Hi,
In the last week, I
had a few bad days with Sharepoint Incremental crawl. Would Like to
share the problem and reason of the problem with you all.
We have a Sharepoint
application, which contains a huge amount of data. The main
functionality of the application is to search the data, with the help
of the custom search page. The availability of data is very important
and it’s a must that data added, updated should be available must be
available within 2 minutes of update.
So we provided the
client with a way to start the Sharepoint Incremental crawl. I had
earlier published an article on the topic. You can read it here. Starting an incremental crawl in Share point programmatically.
Incremental crawl
would normally take 1 minutes, because normally it would find only one
document updated. But after we had implemented this in the application
and saw it working great for 10 days (at least). We found another
problem with Sharepoint. The incremental crawl was running fine, but
sometimes (out of blue) the Incremental crawl would take about 7 hours.
During this crawl no document would be indexed (we checked the crawl
log for that).
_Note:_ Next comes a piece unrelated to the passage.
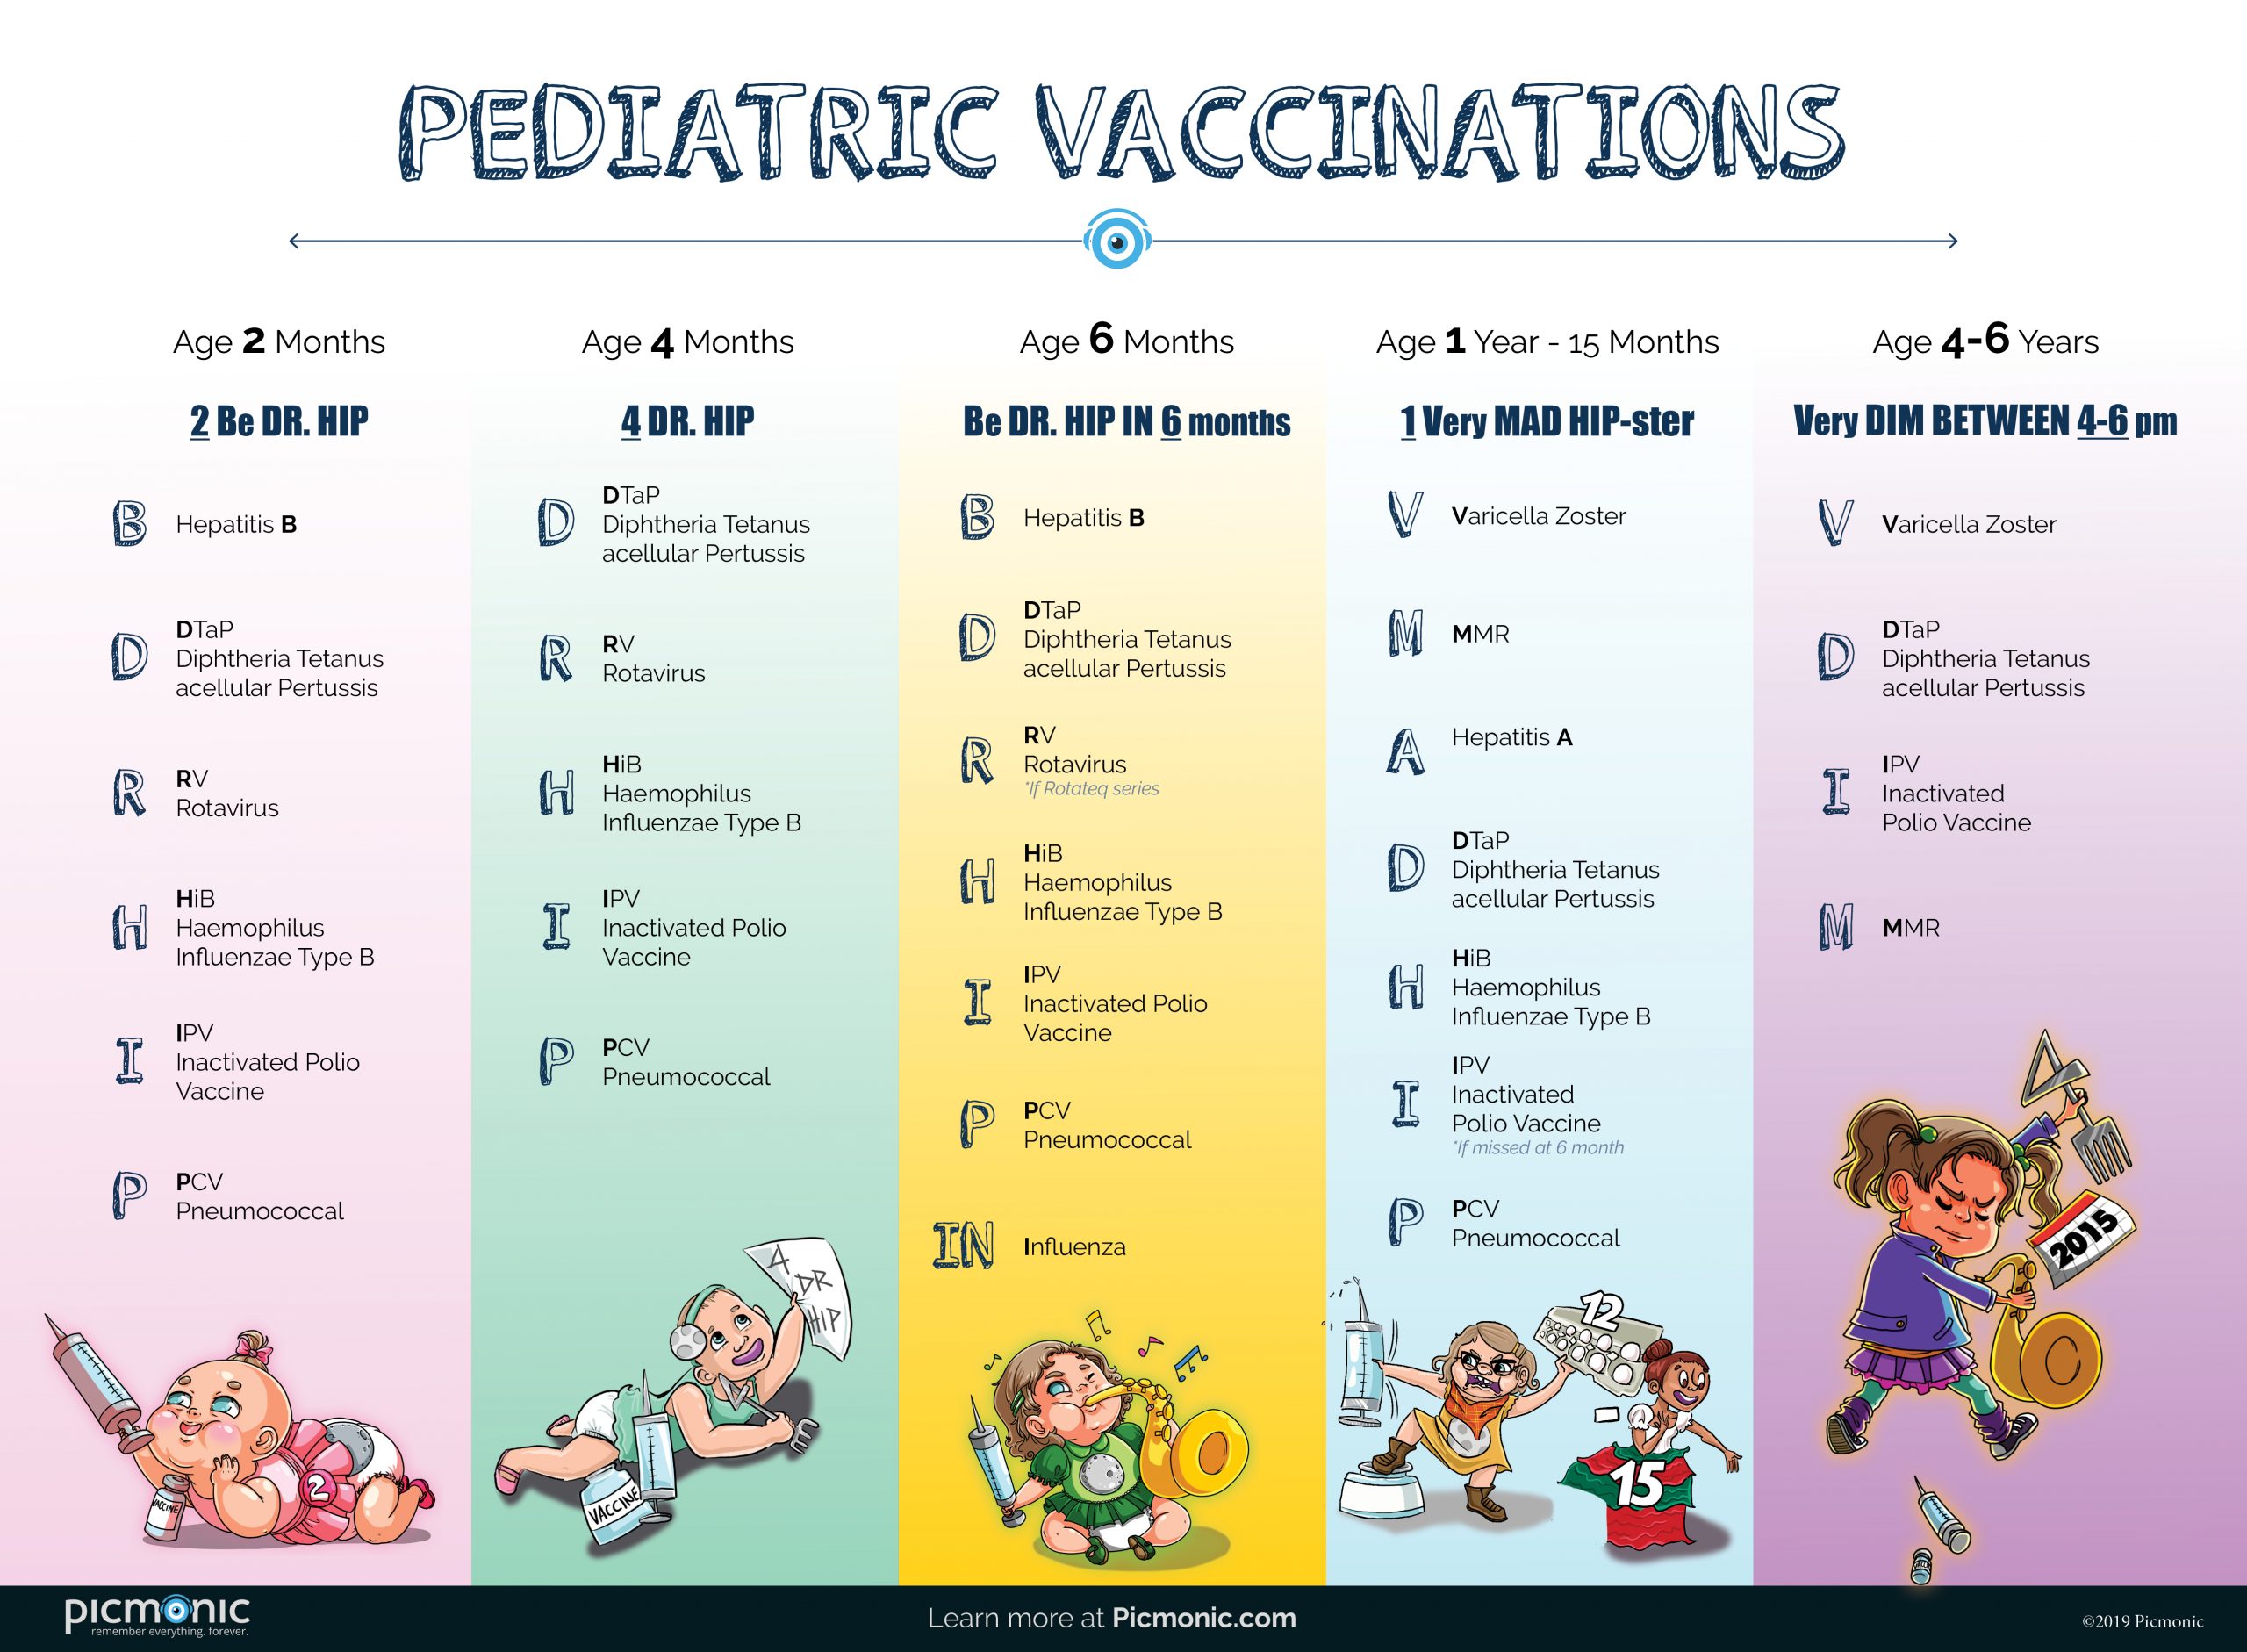 travel vaccinations for 1 year old

But after 7 hours or so, the crawl would complete and
after that the incremental crawl would work as we expect it to work.
Also this happened only in the production environment (twice), but was not replicated in the test environment.
Later after a few
testing we found that this long/delayed Incremental crawl was taking
place only when we were adding/removing users form the site. After we
add or remove a user from the site, the next incremental crawl would
normally take a very long time. In-fact with experiment we could
reproduce the issue in the test and dev environment also.
After doing some more
research we found that this happened because after a user is added or
removed from the Sharepoint web application, the next incremental crawl
for Sharepoint would be security only crawl. When incremental crawl
starts, these security changes, “Updated ACL’s”, must be pushed down to
all affected items within the index. Hence this incremental crawl takes
a very very long time (depending on the size of index).
So if you are having
the same problem with incremental crawl, the only simple solution/
problem remover that I know of know is to see to it that users are
added/ removed at a time after which incremental crawl taking long time
does not affect the system very much.
Vikram